How to complete this task →
Starting from the line with "Riekkola, Katariina Salmén, Tia" and going up to and including the line with "Pen de microblading, lápiz", copy the listing below exactly. Leave all images out.

Records shown →
_ _ _ _
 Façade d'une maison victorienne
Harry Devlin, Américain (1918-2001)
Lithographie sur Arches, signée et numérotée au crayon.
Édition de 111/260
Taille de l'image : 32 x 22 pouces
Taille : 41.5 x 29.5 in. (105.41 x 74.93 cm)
_ _ _ _
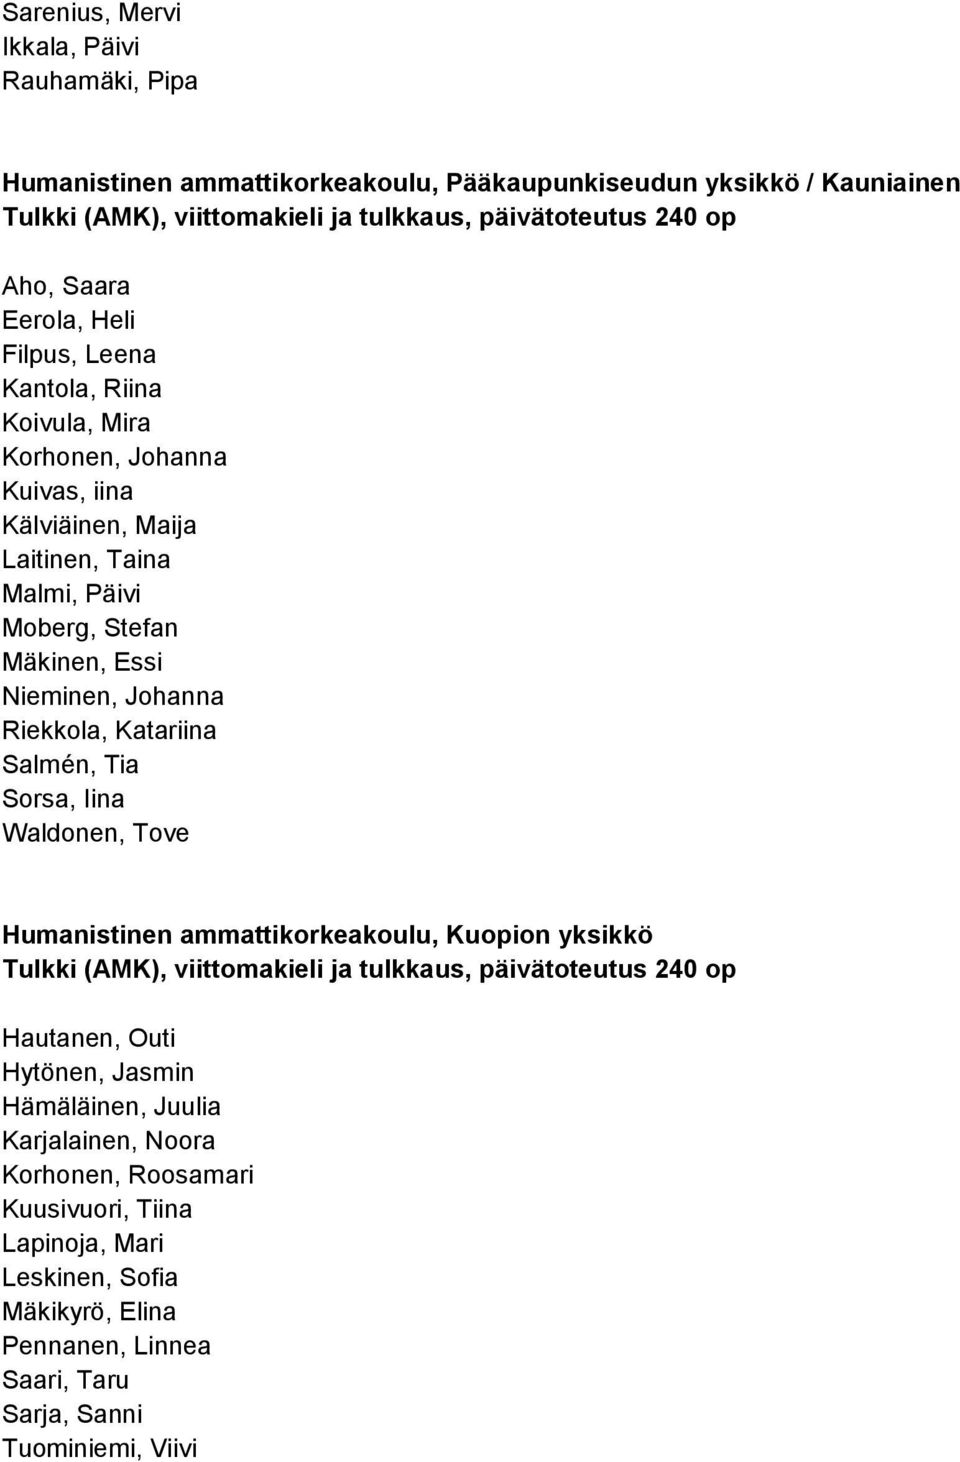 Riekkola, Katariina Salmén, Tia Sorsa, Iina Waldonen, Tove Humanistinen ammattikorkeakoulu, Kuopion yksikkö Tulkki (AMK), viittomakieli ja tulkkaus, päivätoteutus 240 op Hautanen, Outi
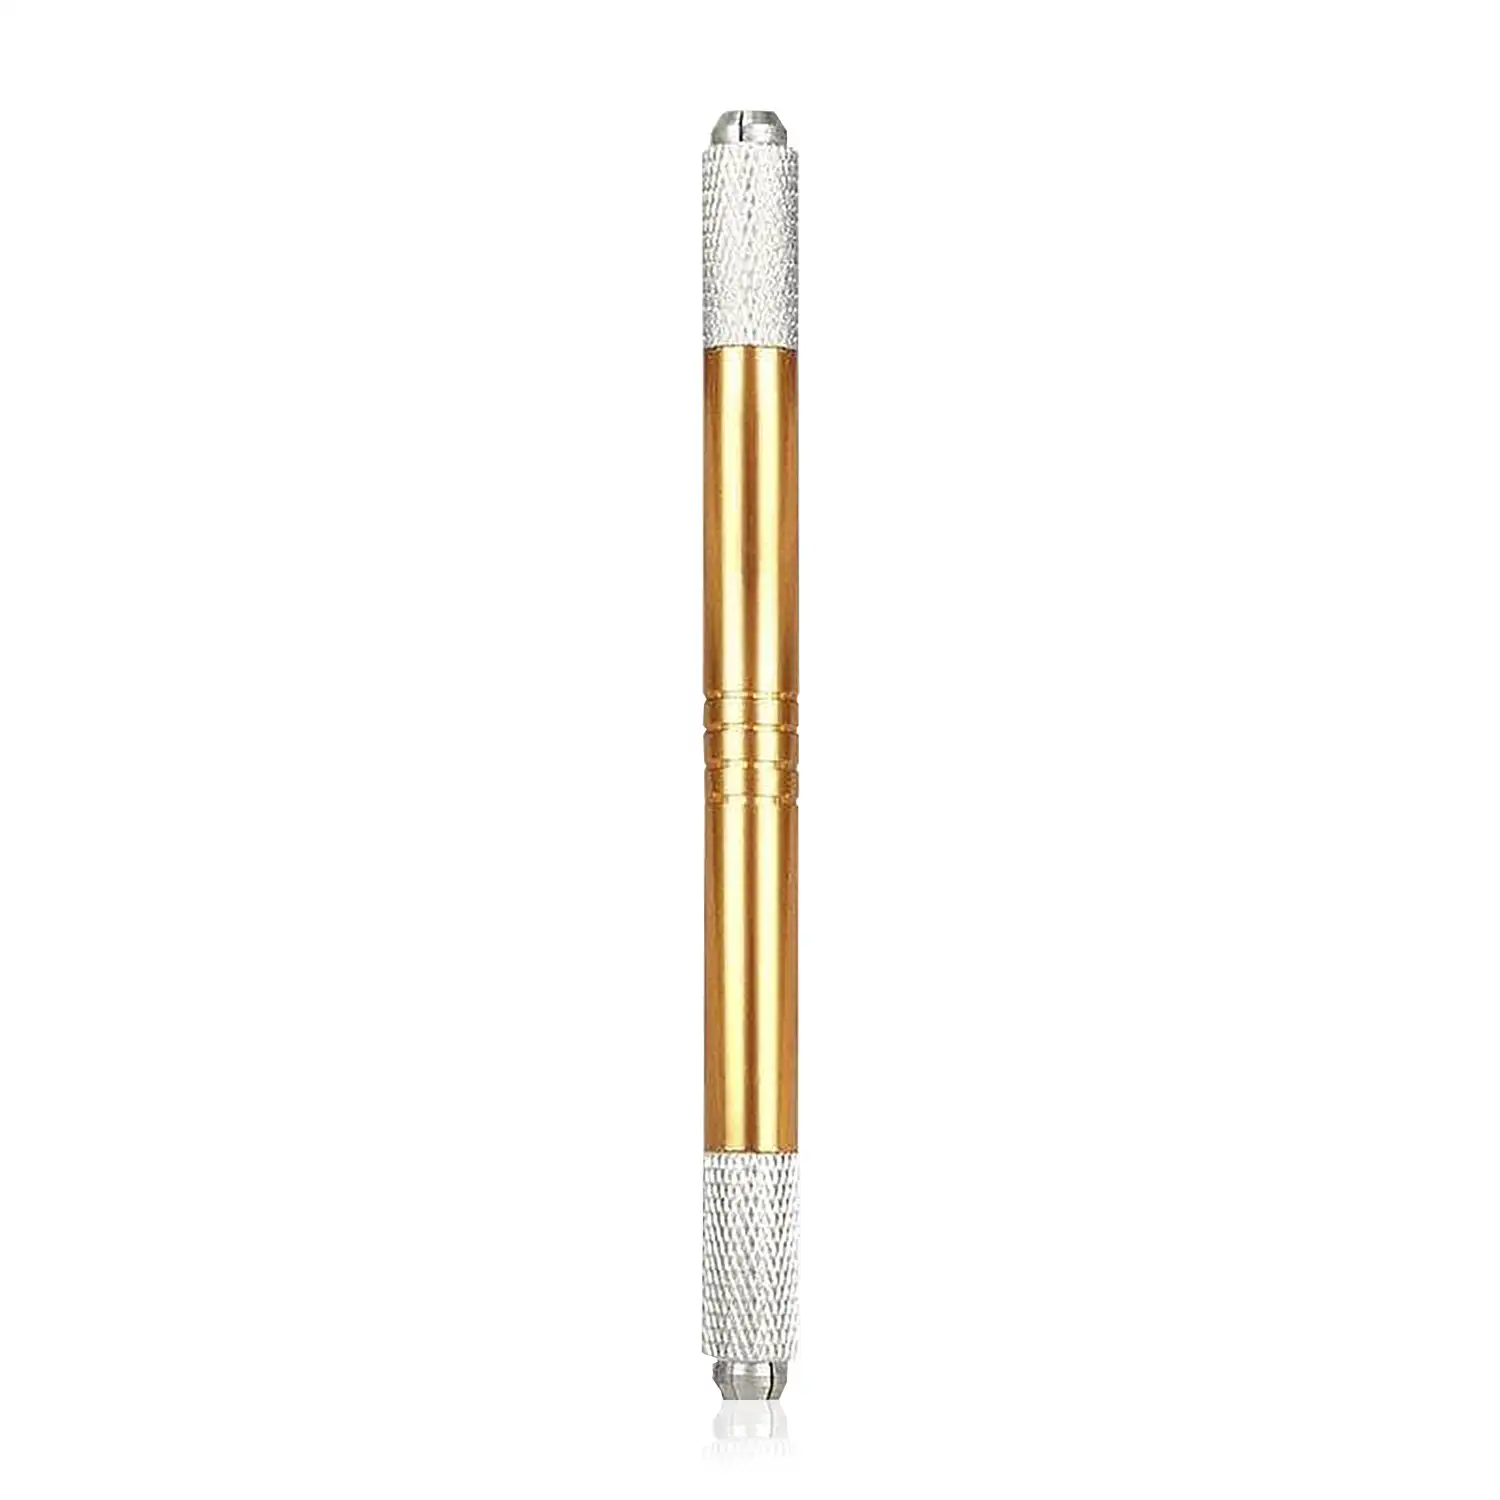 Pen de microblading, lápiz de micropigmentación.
_ _ _ _
Response area →
 Riekkola, Katariina Salmén, Tia Sorsa, Iina Waldonen, Tove Humanistinen ammattikorkeakoulu, Kuopion yksikkö Tulkki (AMK), viittomakieli ja tulkkaus, päivätoteutus 240 op Hautanen, Outi
 Pen de microblading, lápiz de micropigmentación.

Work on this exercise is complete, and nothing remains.